I would also assume that if took a hundred of these, some would begin to blur into one another in terms of size.
How do you use these in real life if they represent different denominations in use at the same time???
SC
No you don't sound like a heretic but many believe the coin
had involuntary value but
still split the
denomination As a
tetarteron and its half. So it the value was involuntary what is the point of a half version?
I can tell the difference in hand between the
denominations , I have
had literally 1,0000s of them in my
hands. At the FUN
coin show I got paid for the first time for attributing a handful of both
denominations for a dealer, he
had about 50 tetartera and I got $20.00 for 10
min of
work. I have worked with this
denomination for so long that I was even able to give
Sear numbers for them. Most of the coins in my
collection are the very best I have ever seen, not the normal over circulated ones that are commonly found.
So to follow the modern
history of the
denomination it was first divided in Hendy's book Coinage and
Money printed in 1969, in it he takes the
tetarteron and another coin he calls its half, however he states that he felt there were different fractions of the
denomination. The book was a huge undertaking and simply split them by large and small.
Average weight vs
average weight. Certain examples were classified as
tetarteron and others half
tetarteron ( Today some papers refer to them as semi
tetarteron.) I am traveling so I do not have my books here but I believe the
tetarteron was 4.4gm and the half just over two. In 1999
DOC IV he
still leaves the
tetarteron and its half but adds a 3rd
tetarteron that was exclusively minted in
Constantinople, it contained silver depending on the ruler between 2-4% does not sound like much but a billion
trachy averaged 8%.
Then came the CLBC
work it skipped most of DOC's finding but brought forth a theory that the die sizes were consistent for the
denomination and again grouped them by die sizes and
weight. I tried to prove the theory for tetartera but
ran into a few problems, the coin dies for each
type remained true for the first two rulers after the coin reform but the
weights did not. I found multiple coins that
had weights from 1gm to 6gm but the same die size.
The
Constantinople issues did not vary much, they remained consistent but the other
mint coins became the issue.
Now the
tetarteron was the most used coin in
Greece during the 12th century but is rarely found in
Asia Minor, the
trachy is found commonly there but not in
Greece. The only place in the 12th century they comingled was in
Constantinople, not only the tetartera issues there but the less valuable other
mint coins.
Both the
tetarteron and the
trachy were created for everyday transactions , they were also used as change from tax payments that
had to be made in gold, In the early years of the 1092 coin reform it must have been extremely confusing paying taxes in the old
money and getting the new currency's as change, perhaps that is a reason for the
weight variation.
By the time you get to Manuel, Andronicus and Isaac II you
still have
weight variations but you have three dies sizes perhaps that was the fractional currency
Hendy thought existed. .
BTW the purchasing power of the coins cane to light on two different translated letters, the copper
tetarteron could buy a small loaf of bread, the
Constantinople version could buy 12 mackerels. Both letters were written in the late 12th century.

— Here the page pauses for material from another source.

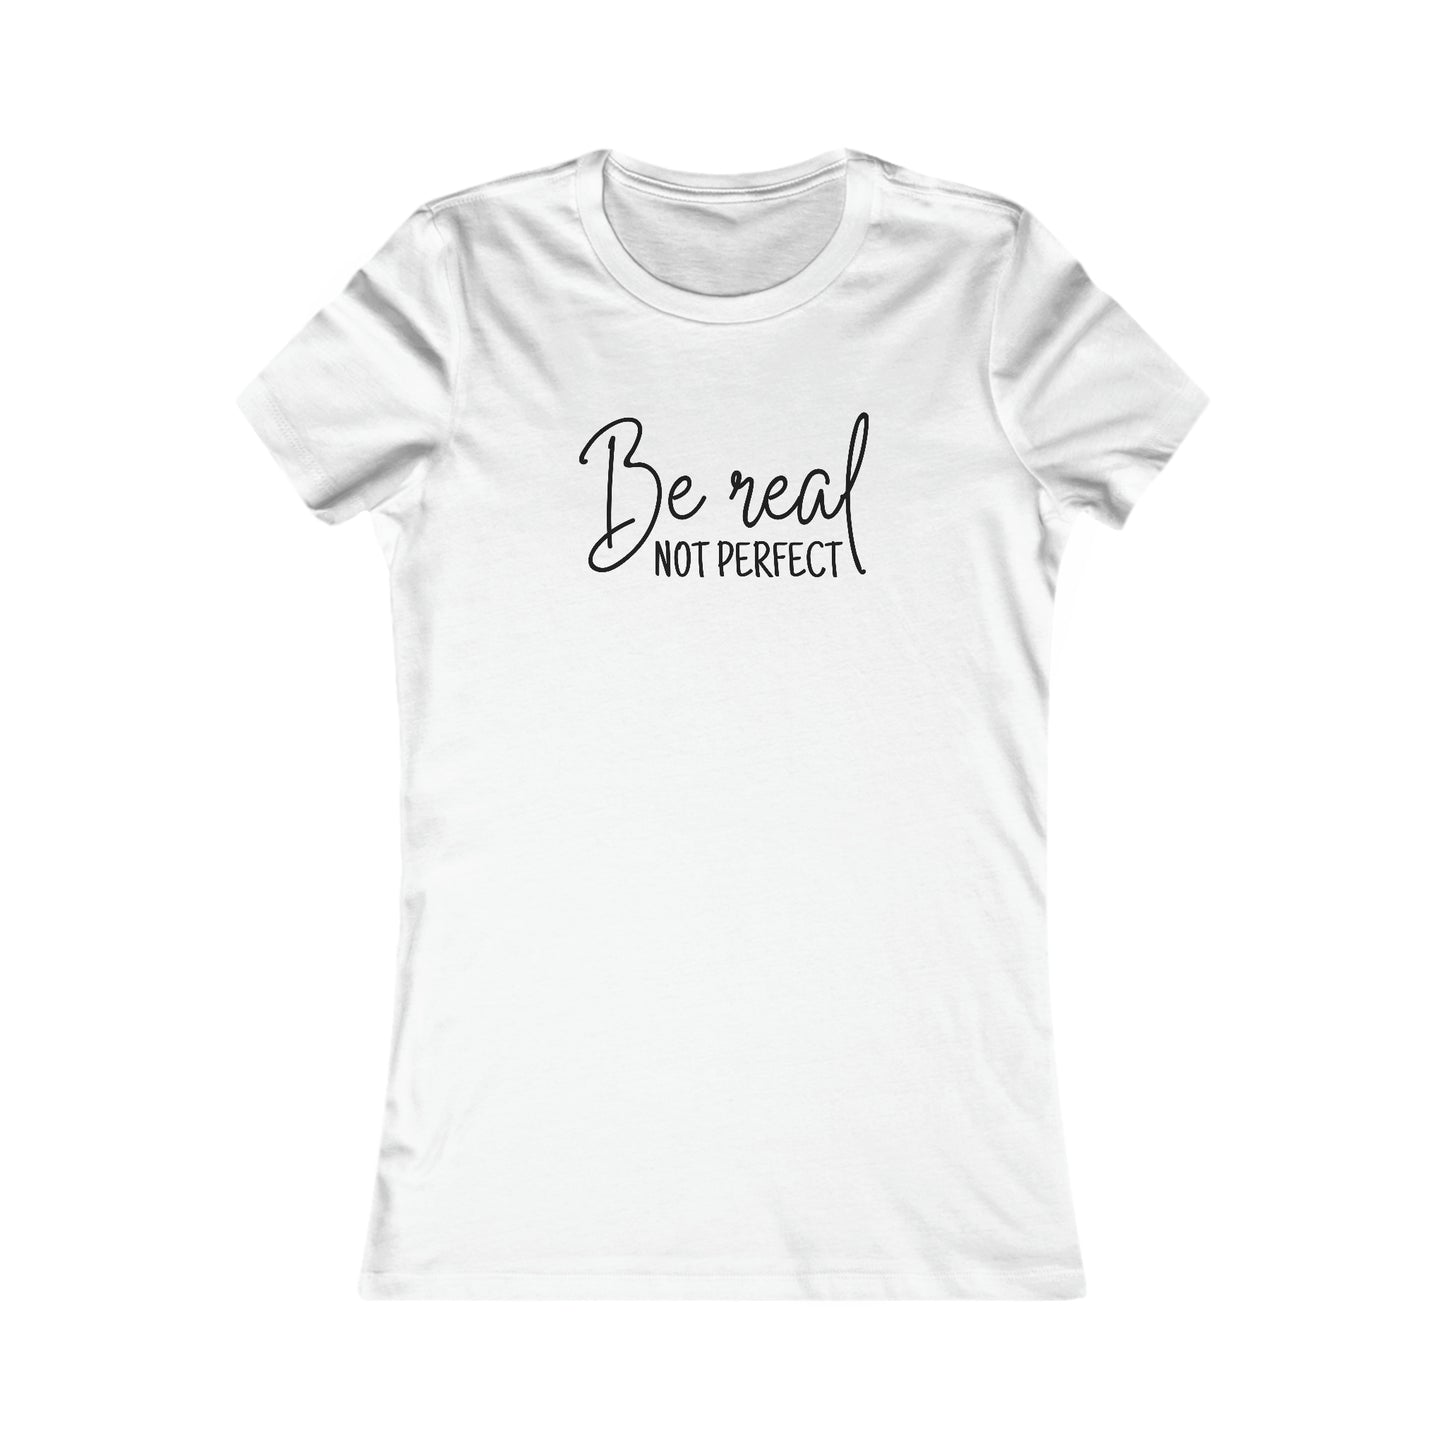 Be Real Not Perfect - Women's Favorite Tee

Sadly, it is no longer helpful using the
weights provided by
DOC because shortly after its publication imitation tetartera were identified from the 13th century, after the fall of the city the coin was recreated because the population was so use to dealing with them, the imitation issues are of Alexius and Manuel coins with the simplest designs, the are normally underweight and have basic errors in legends and attire. The result is all data is from earlier publications and coin
auction data is not helpfully because they might be an imitation.

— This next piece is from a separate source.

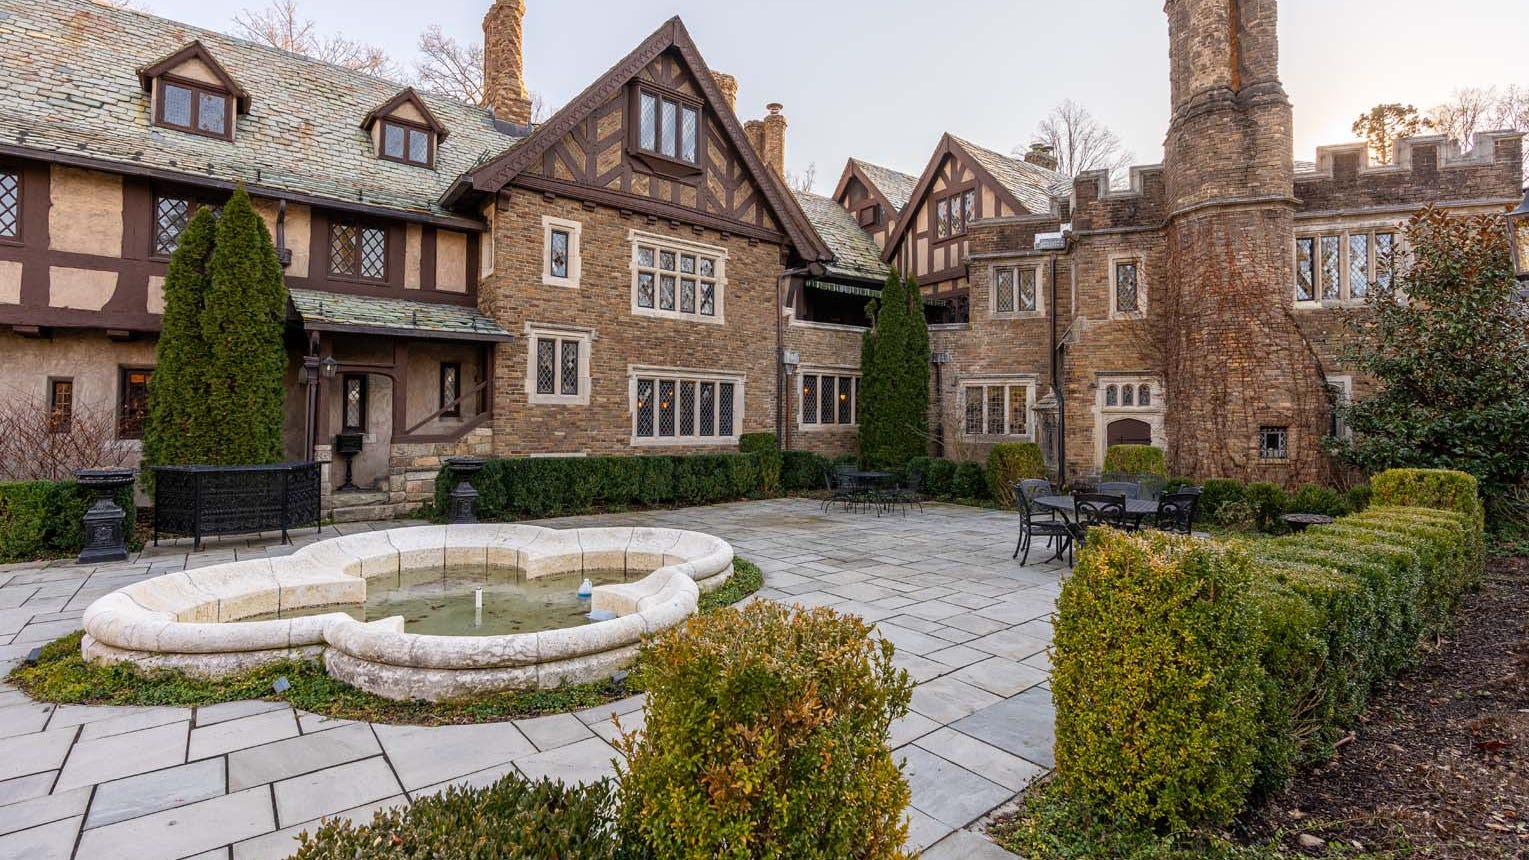 North Jersey Tudor castle replica with dungeon and modern twist listed for $11.5M

Trying to figure this out with coins alone is beyond difficult. Its like someone trying to figure out USA coinage 800 years from now, Very little is written, rarely do major receipts contain change amounts. Just look at The USA dollar coin variations in the last 70 years, or the half dollar or a dime versus a
nickel. At least we put a
denomination amount of those
In the world of coin collecting this is not that important unless of course you have been collecting them so long you want to figure this mess out or see if the evidence proves they were just involuntary value, tokens without value.